**Provided data**.

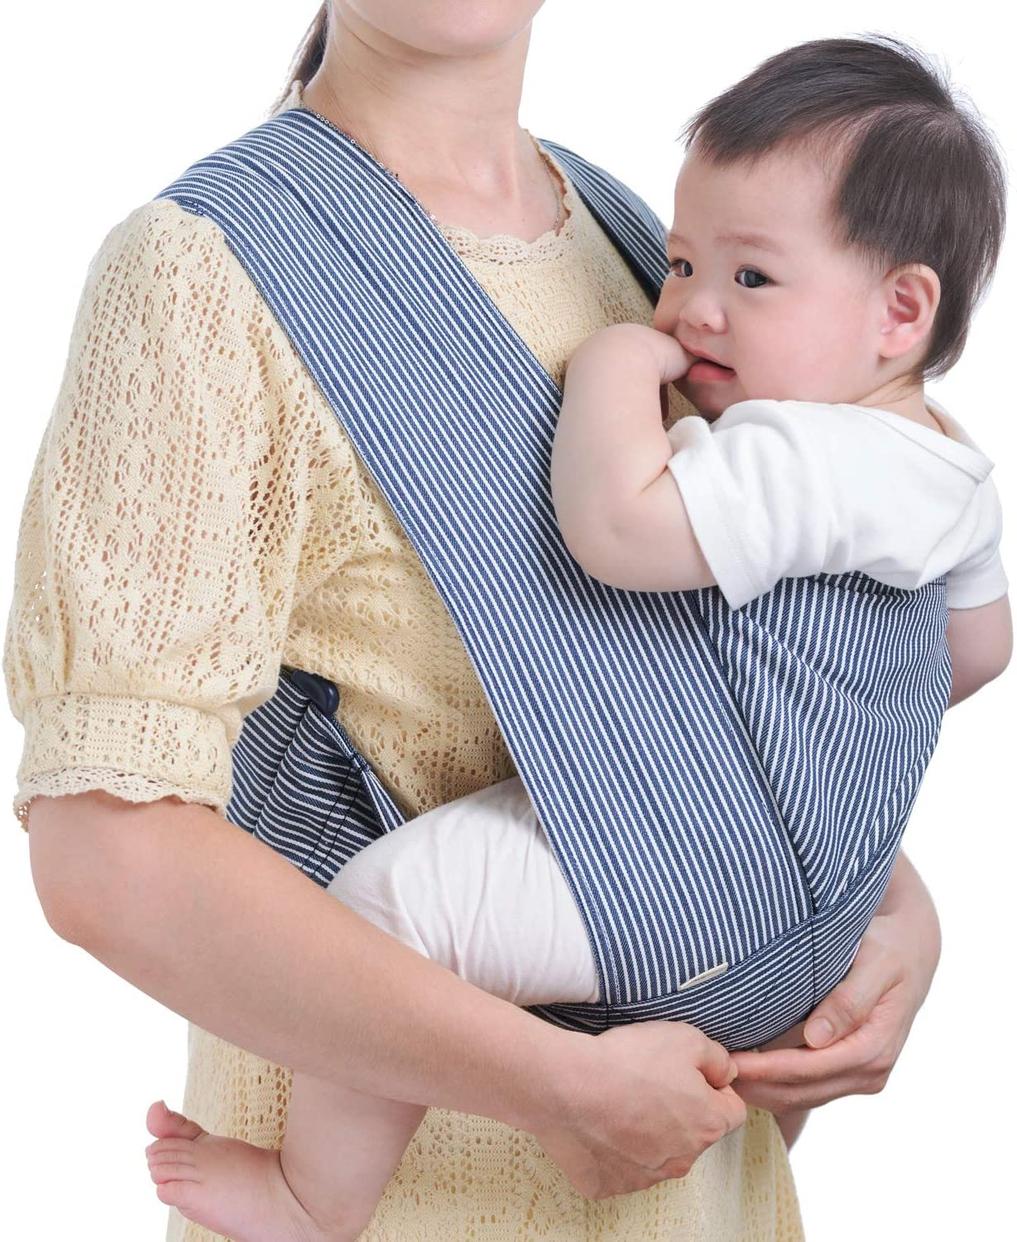 TWONE(ツォン) 抱っこひもの商品画像
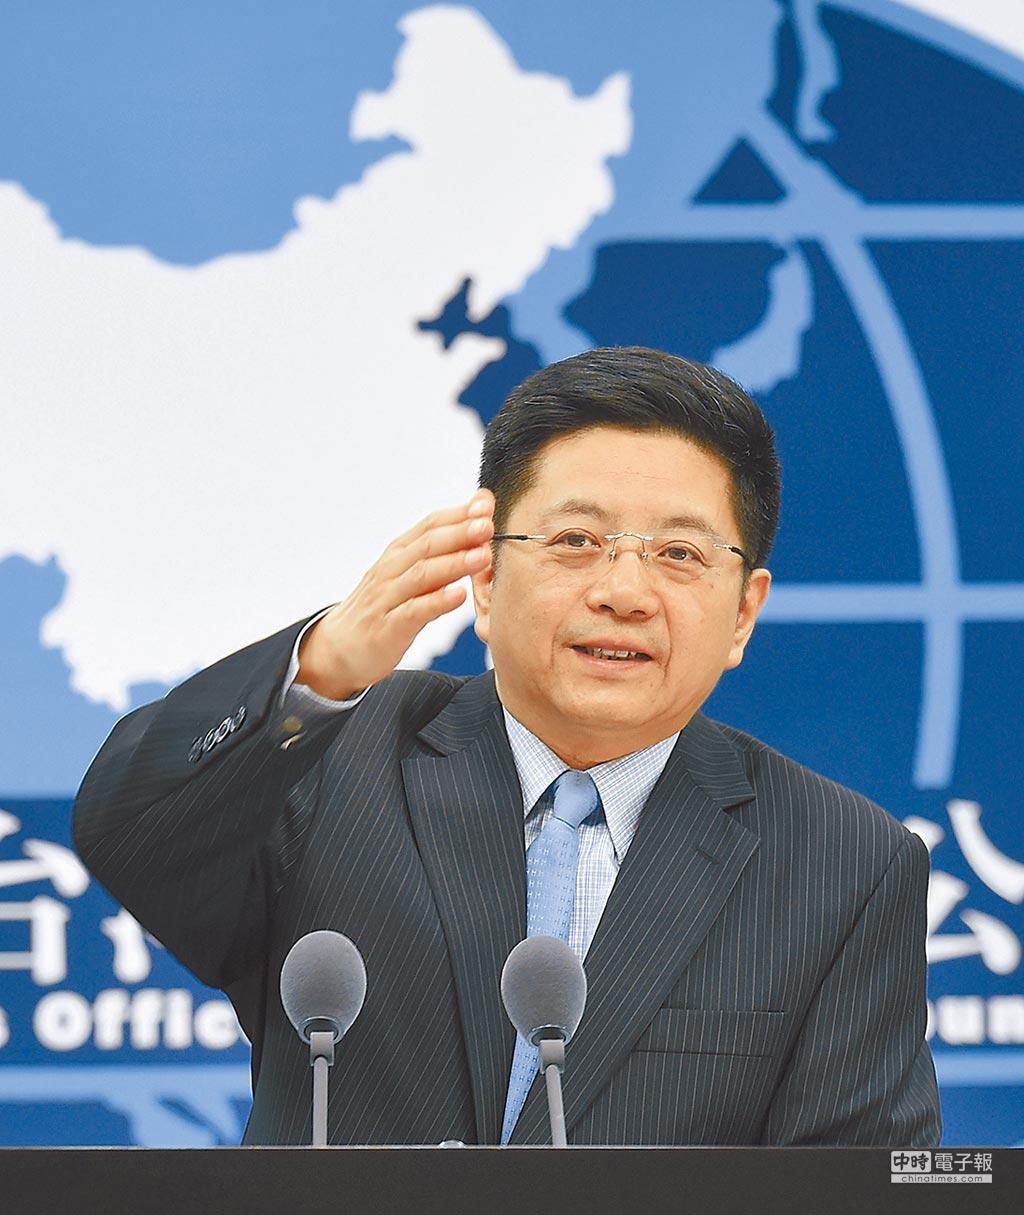 大陸國台辦發言人馬曉光14日強調,世界上只有一個中國,中巴建交是人心所向,大勢所趨。(中新社)
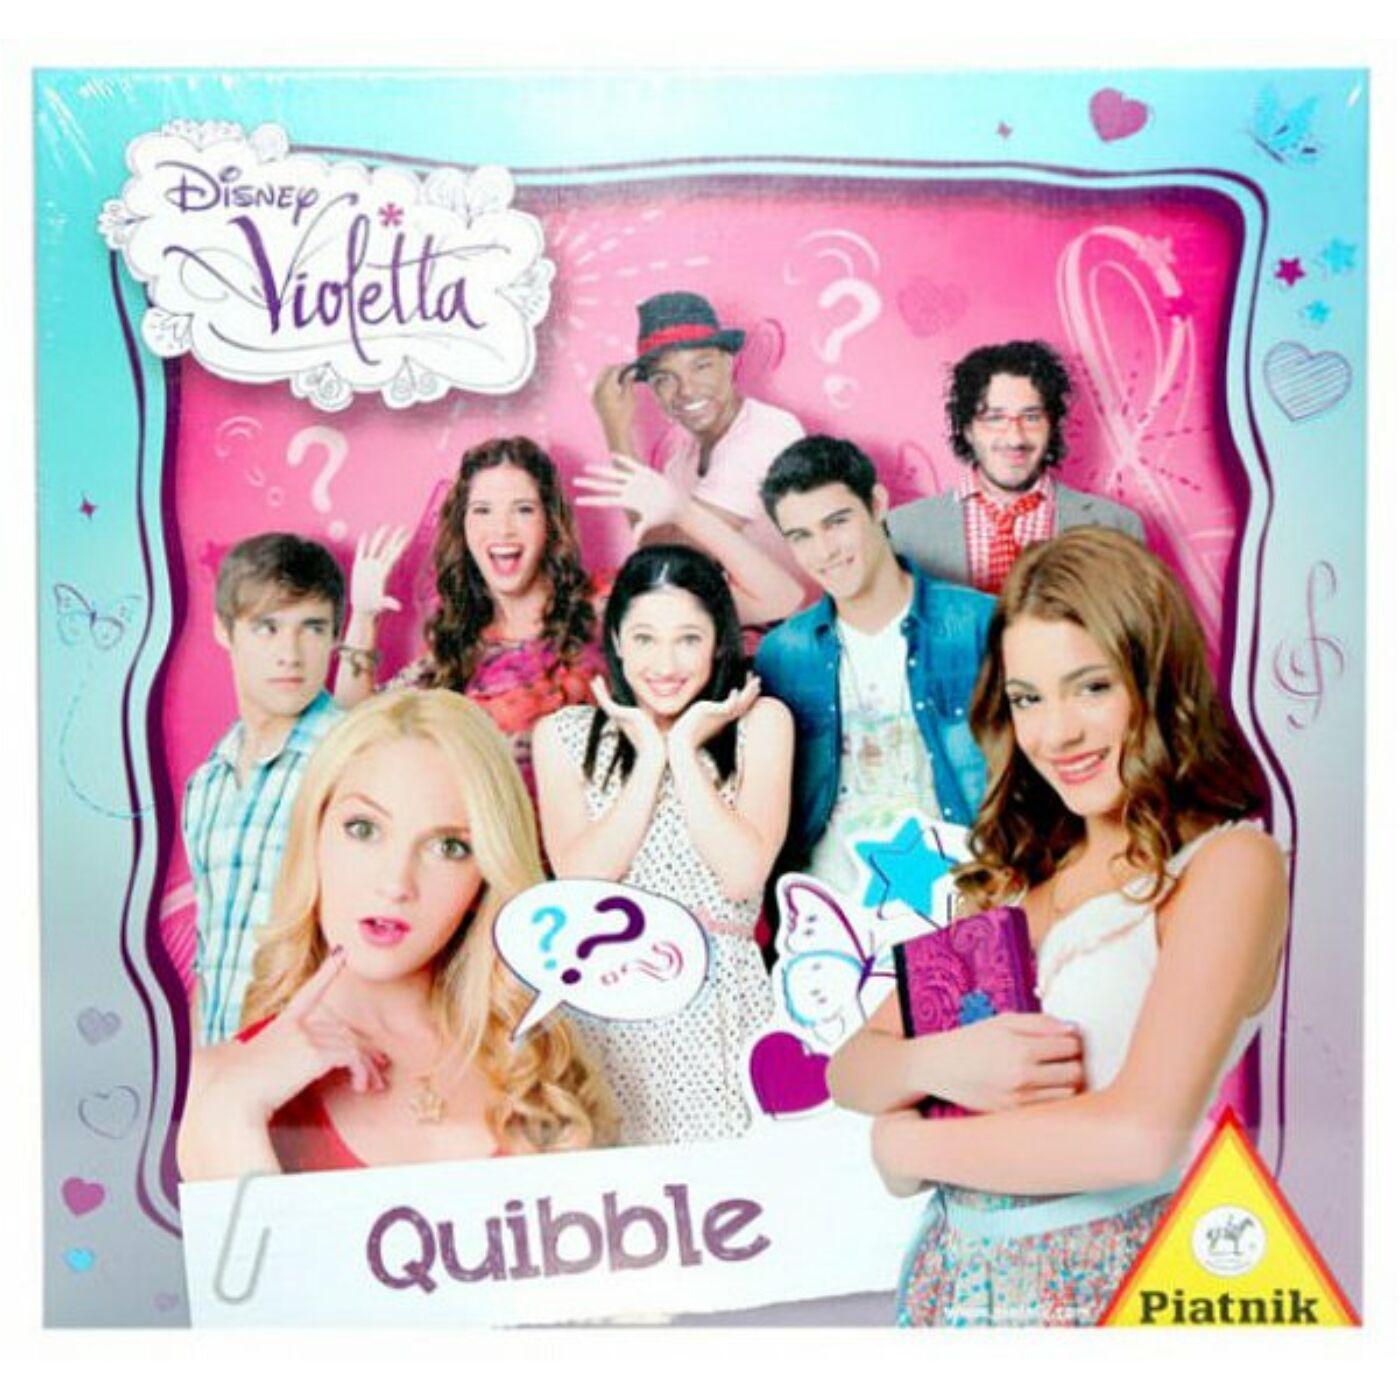 Violetta Quibble

**How to complete this task**.
Starting with the top line, write out all the data above exactly; keep the pictures out.

**Response to the exercise**.
 TWONE(ツォン) 抱っこひもの商品画像
 大陸國台辦發言人馬曉光14日強調,世界上只有一個中國,中巴建交是人心所向,大勢所趨。(中新社)
 Violetta Quibble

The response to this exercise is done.